Не хлебом единым жив человек, и не одними зерновыми нивами славна земля. Нужны людям и фрукты, нужна ни с чем не сравнимая красота весенних цветущих и отягощенных плодами по осени садов. А потому заботы о повышении урожайности, о выведении новых, более продуктивных и надежных сортов одолевали не только хлеборобов. Хорошо известны они и садоводам, тем более что в подведомственных им хозяйствах далеко не все обстояло благополучно.

В самом деле, если говорить о прямой пользе, то первые пять или даже семь лет жизни фруктового дерева как бы пропадают впустую: оно не дает урожая, лишь готовится к плодоношению. Да и места яблоня, груша занимают много: уже тремстам с небольшим корням на гектаре тесновато, сосед затеняет соседа, норовит отобрать у него пищу, воду. К тому ж деревья поднимают свои кроны на уровень 3—4-этажного дома. И плоды зреют от нижних ветвей до верхних. В итоге производительность на уборке фруктов обычно низкая: один рабочий за смену едва снимает 200—250 килограммов. Мучаются садоводы и с уходом за своими питомцами. К каждому при обрезке подай автовышку или подставь огромную лестницу — немудрено, что и умелец в день обслуживает не больше 5 деревьев. А ведь в колхозном, совхозном саду их тысячи! Без систематической же подрезки не обойтись — деревья преждевременно вырождаются. Немало и других трудностей у садоводов.

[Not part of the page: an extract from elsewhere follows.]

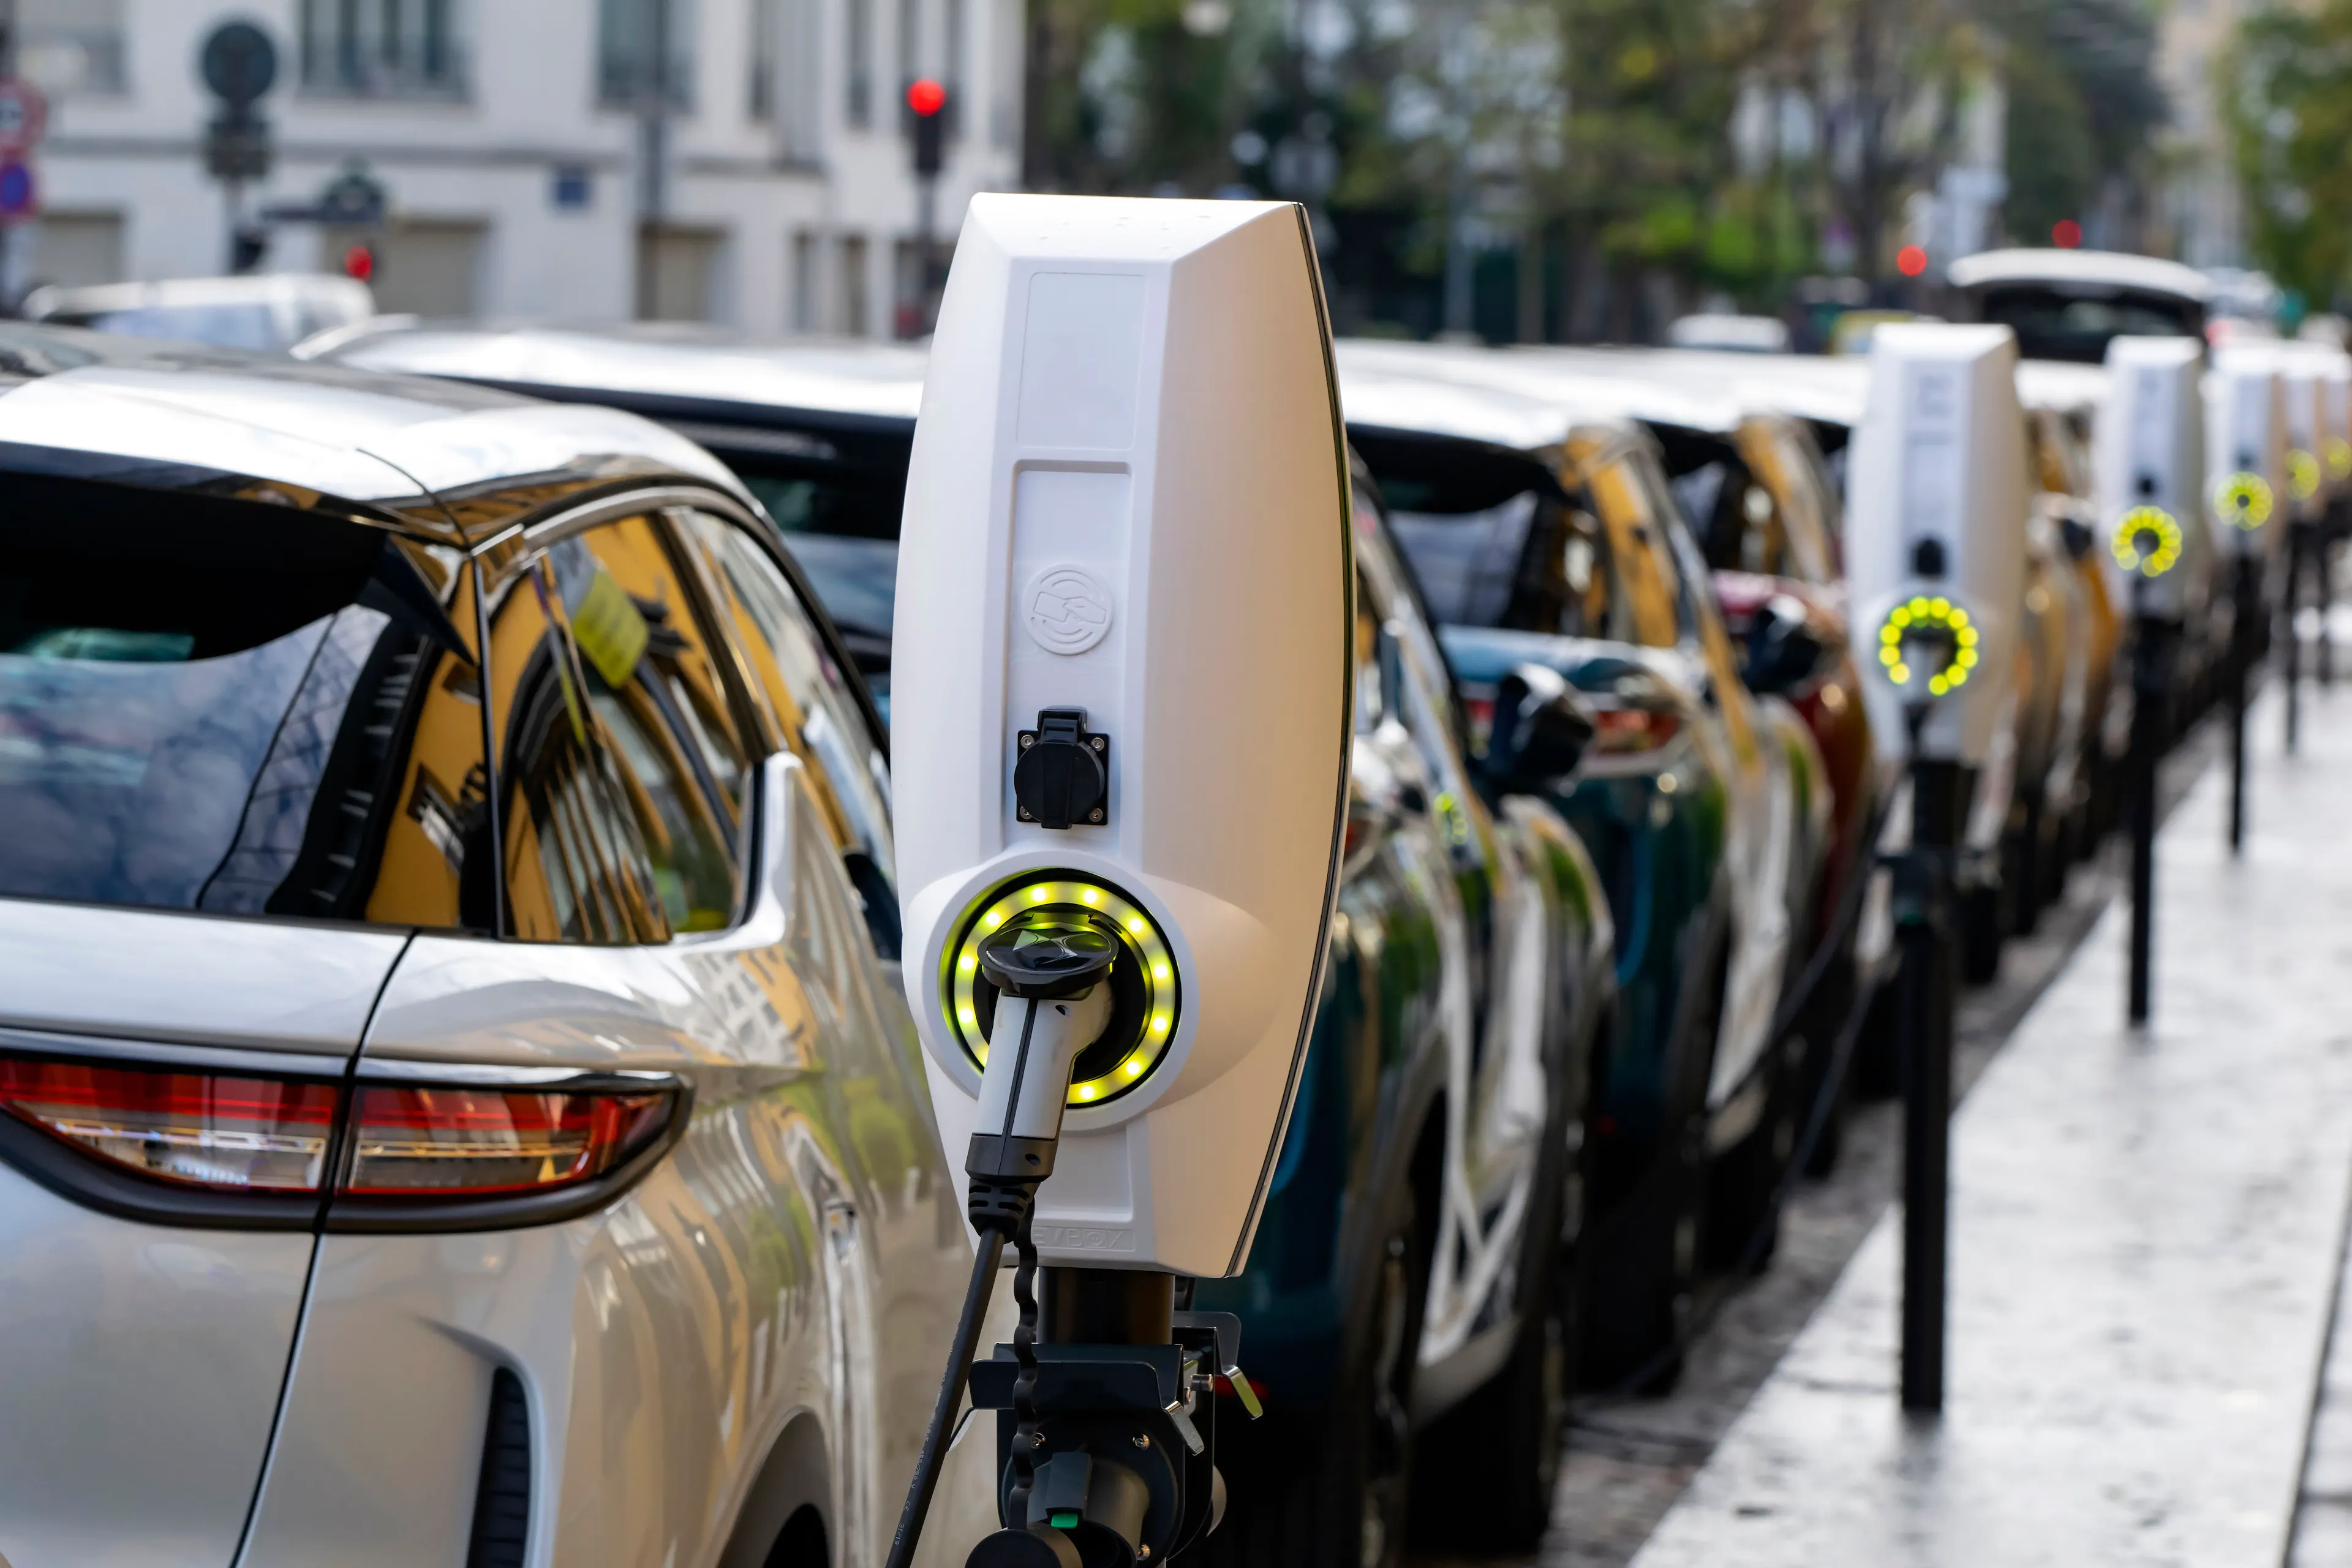 D’ici 2035, il faudra installer près de 32 000 bornes de recharge de véhicules électriques en Bourgogne-Franche-Comté pour faire face au besoin des usagers. Photo : DR

Разумеется, они, не мирясь с недостатками своих подопечных, широко использовали удобрения, переводили сады на орошение, улучшали сорта, ввели регулярную стрижку. Однако на поверку оказалось, что все эти приемы — полумера. Положение не спасли и химические средства. Например, большие надежды возлагали на созданный лет десять назад препарат алар. Верно, стоило опрыскать им яблоню, скажем, сортов Гра-винштейн или Делишес, как те втрое сокращали длину побегов, вчетверо увеличивали количество цветков, резко поднимали урожайность. Тем не менее не все сорта так реагируют на подобную обработку. Да и вообще применение химических веществ требует исключительной осмотрительности, чтобы они не накапливались в плодах, не наносили вред человеку.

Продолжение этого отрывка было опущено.